Information supplied =>
┄┄┄┄┄┄

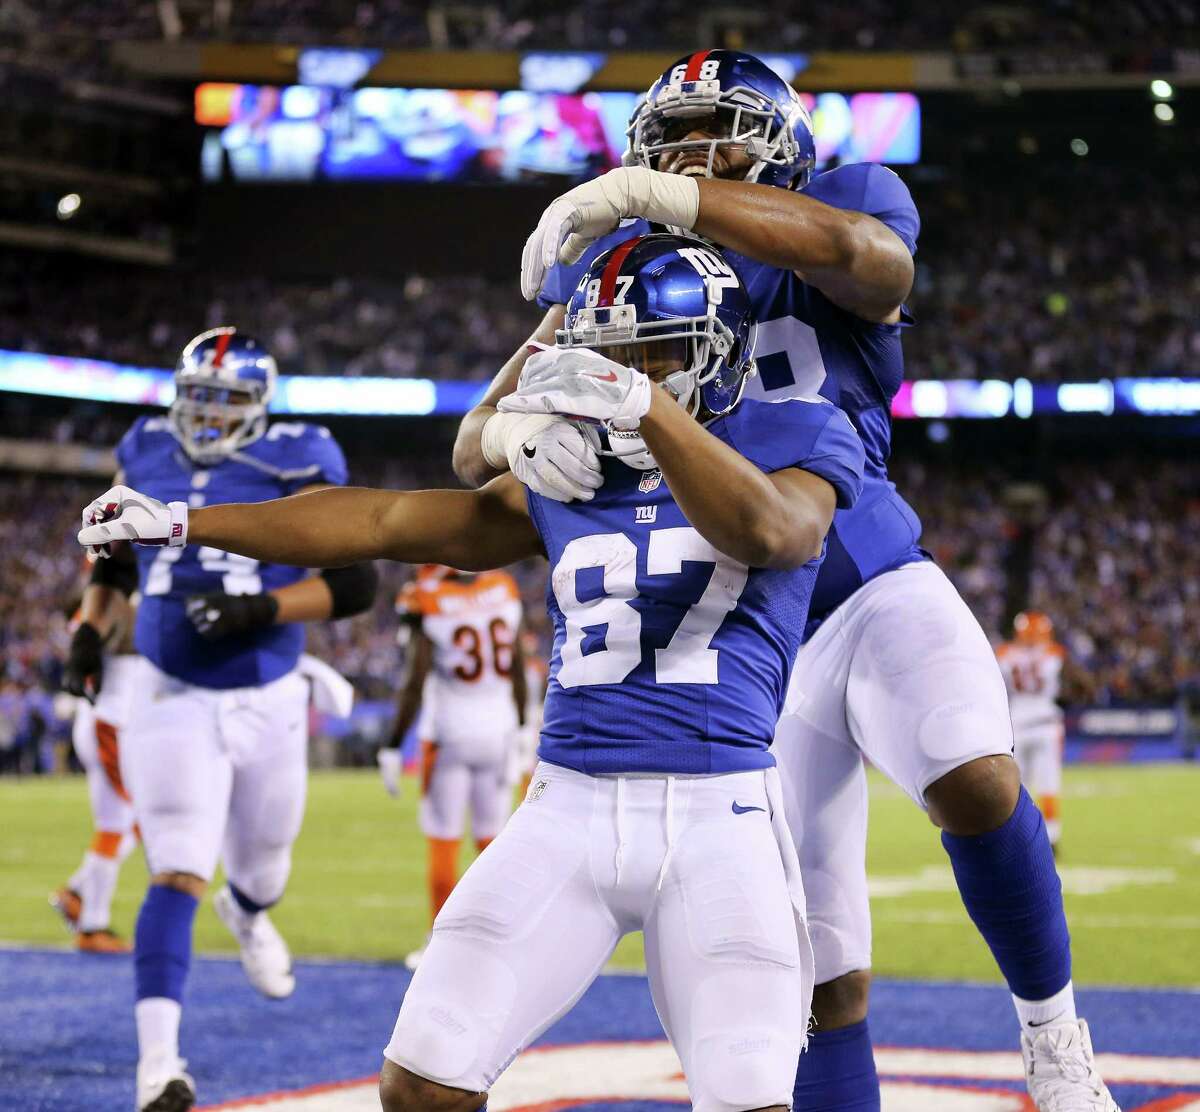 New York Giants wide receiver Sterling Shepard (87) celebrates with offensive tackle Bobby Hart (68) after scoring a touchdown against the Cincinnati Bengals during the fourth quarter in East Rutherford, N.J. Monday night.
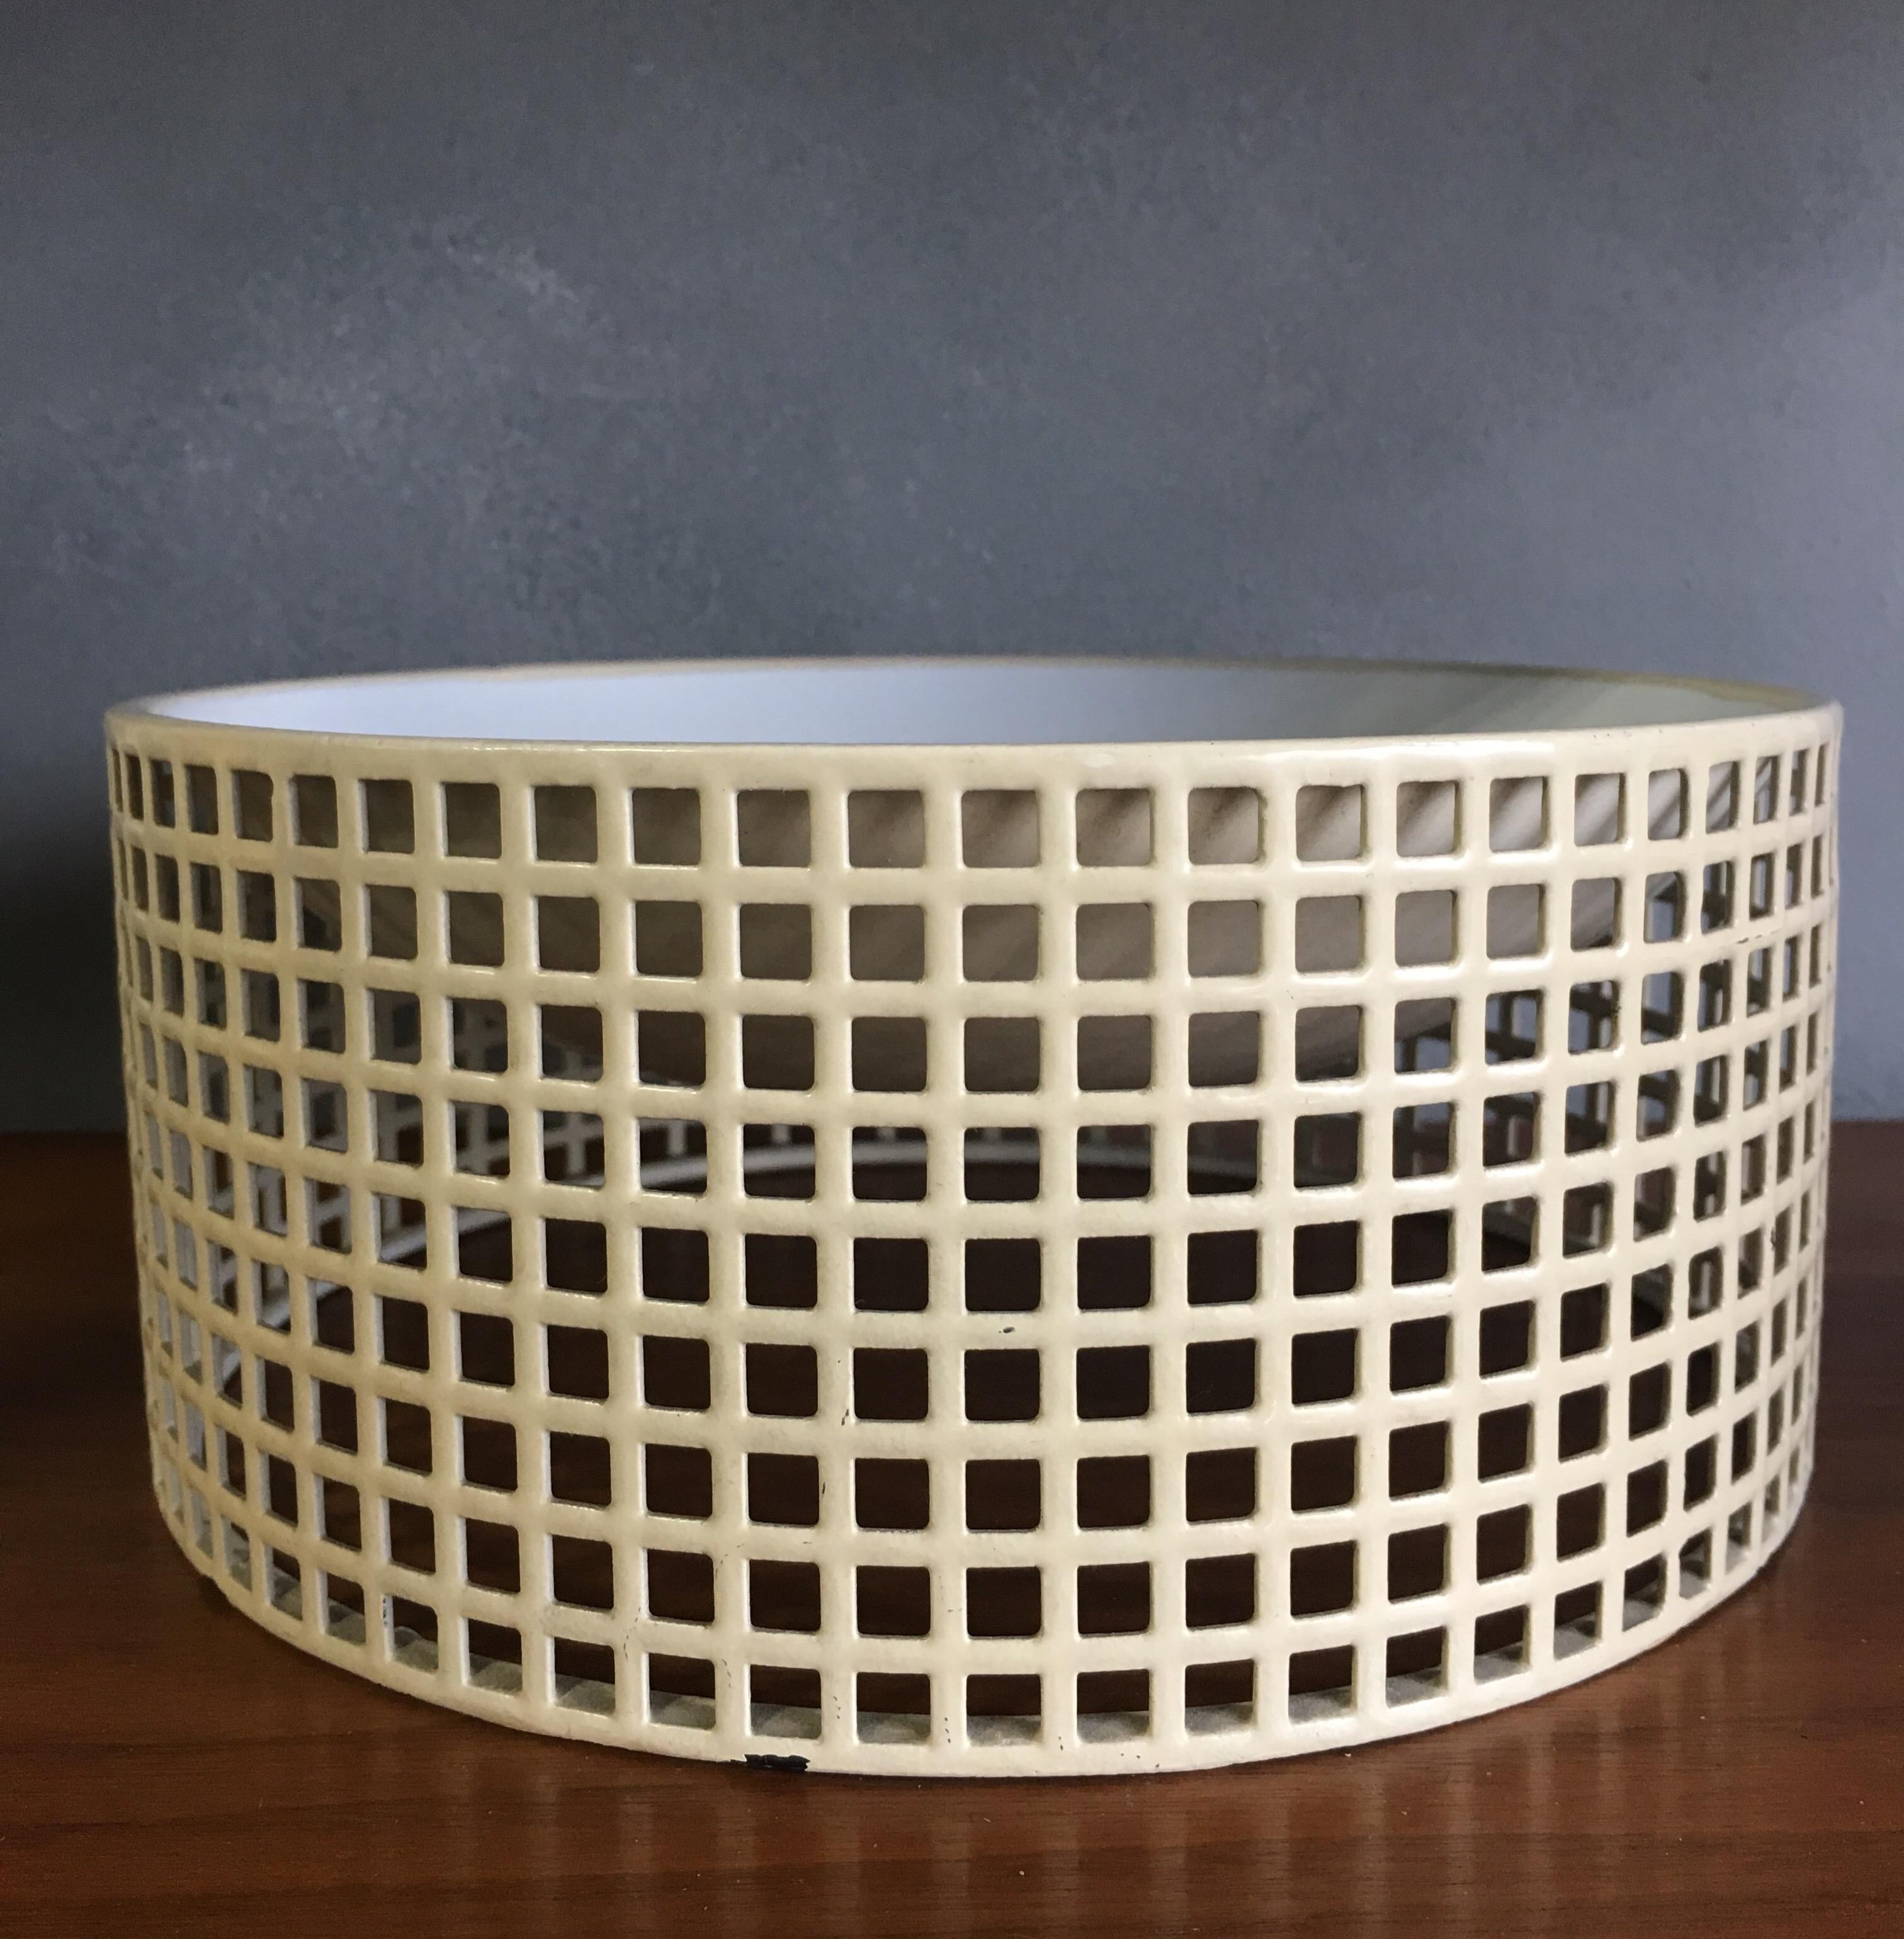 Elegant and strikingly minimal designs by Josef Hoffmann. 

The bowl height is 3 inches- the width is 8 1/2 inches with the bottom has some edgware showing honest use.
  

┄┄┄┄┄┄

How to complete this task =>
Transcribe only the lines from the one holding "Elegant and strikingly" through the last line of the listing above, inclusive, and do not include the pictures.

Final answer =>
 Elegant and strikingly minimal designs by Josef Hoffmann. 

The bowl height is 3 inches- the width is 8 1/2 inches with the bottom has some edgware showing honest use.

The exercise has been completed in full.